In Saturday’s loss to the Knicks, Butler finished with a usage rate (an estimate of the percentage of team plays used by a player while on the court) of 28.6 percent to score 28 points on 20 field-goal attempts. That’s the highest usage rate Butler has finished a game with since a Dec. 16 win over the Chicago Bulls.

Meanwhile, Adebayo finished Saturday’s loss with a season-low usage rate of 16.7 percent to score just 12 points on 10 field-goal attempts.

“Every game there’s going to be somebody who’s not fully in rhythm,” Spoelstra said when asked about Adebayo’s quiet offensive performance against the Knicks. “Right now, it’s not about rhythm, it’s not about touches, it’s not about points that guys are getting. At some point, we just have to do what is needed to get the win.

“I’m not even playing that game with our locker room because right now, if I’m just focused on getting everybody happy and getting everybody their touches — the last six games, somebody or multiple guys have been whatever, feel whatever.
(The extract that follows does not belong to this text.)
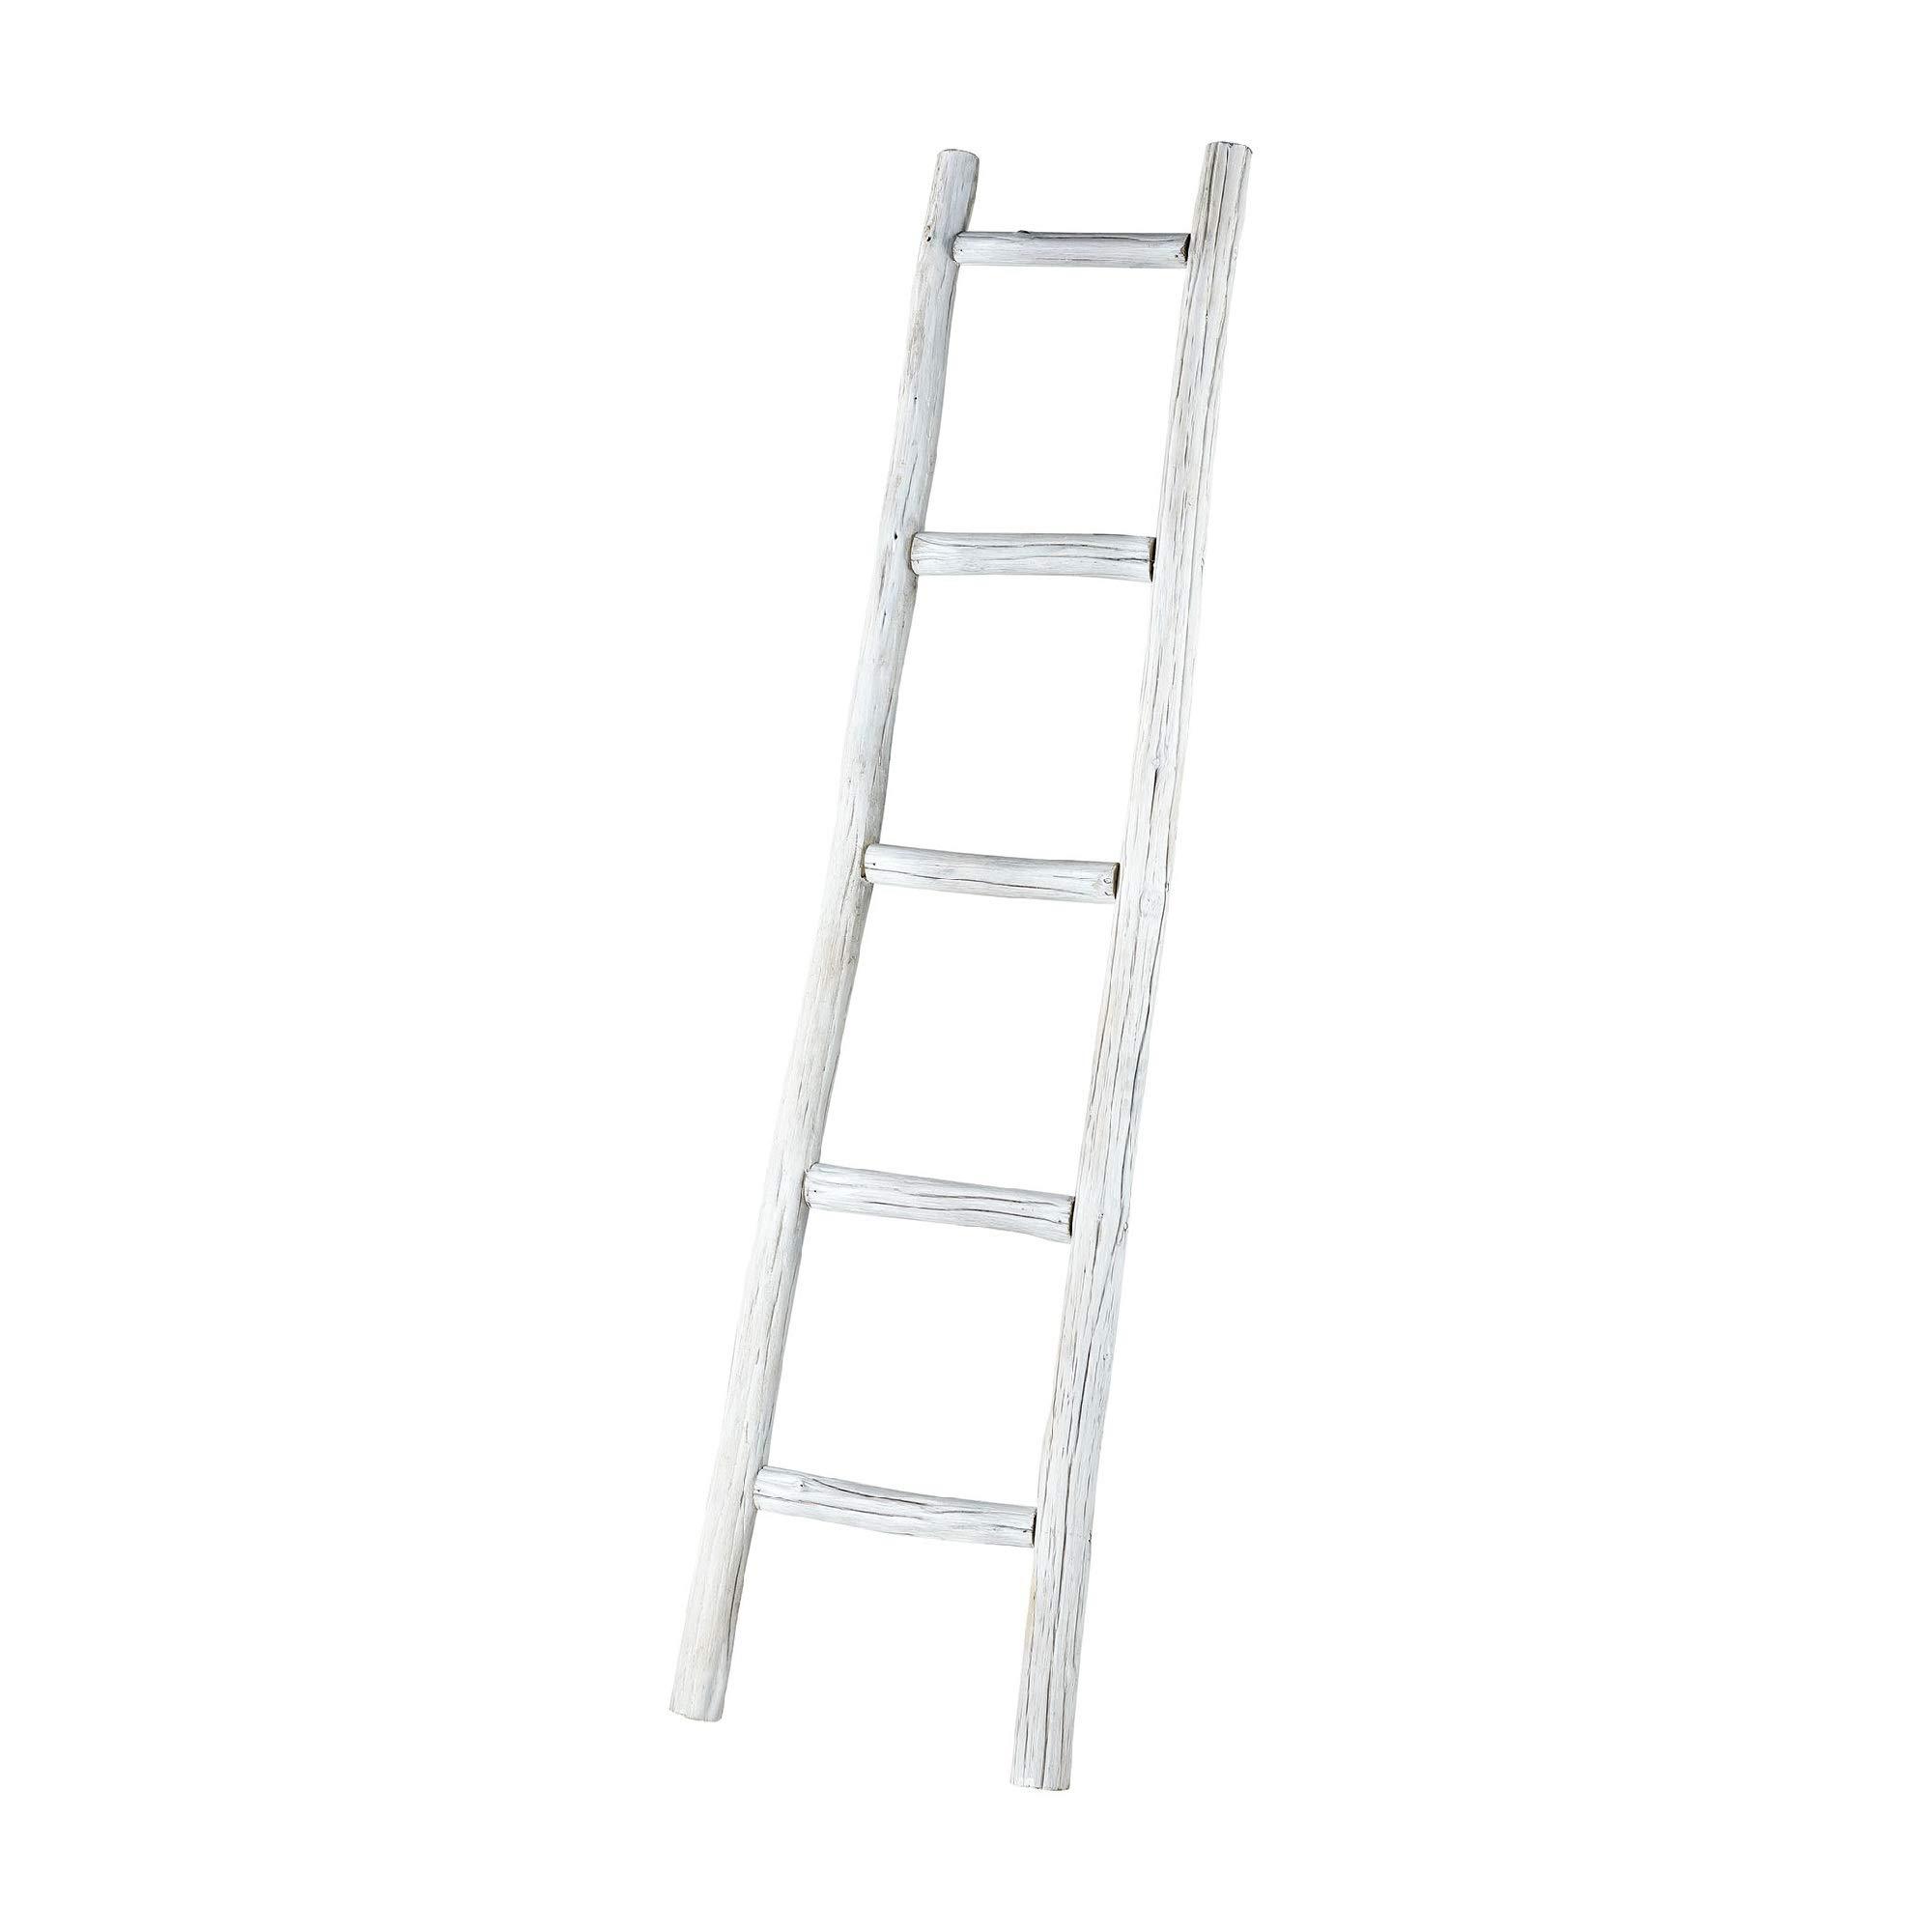 Contemporary Home Living 60'' Distressed White Wooden Display Rack Ladder by Contemporary Home Living

The offense will go different directions.”

Last season, the Heat overcame an underwhelming regular season to make an improbable run to the NBA Finals as the East’s No. 8 seed before falling to the Denver Nuggets in the championship series.

This season, the Heat is trying to avoid its longest losing skid in more than 15 years with hopes of again finding solutions in time for the playoffs.

“Right now we’re going to rally around each other, rally around our identity,” Spoelstra said. “It’s a tough time right now. If we treat this the right way, this can be a great opportunity for our team to be able to respond to adversity, things that are making us angry. If you respond to it appropriately, you start to correct some things. That’s what we’ll focus on.”

The only players on the Heat’s injury report for Monday’s game against the Suns are Orlando Robinson (G League), RJ Hampton (G League), Cole Swider (G League) and Dru Smith (knee surgery).

The rest of the Heat’s roster is expected to be available.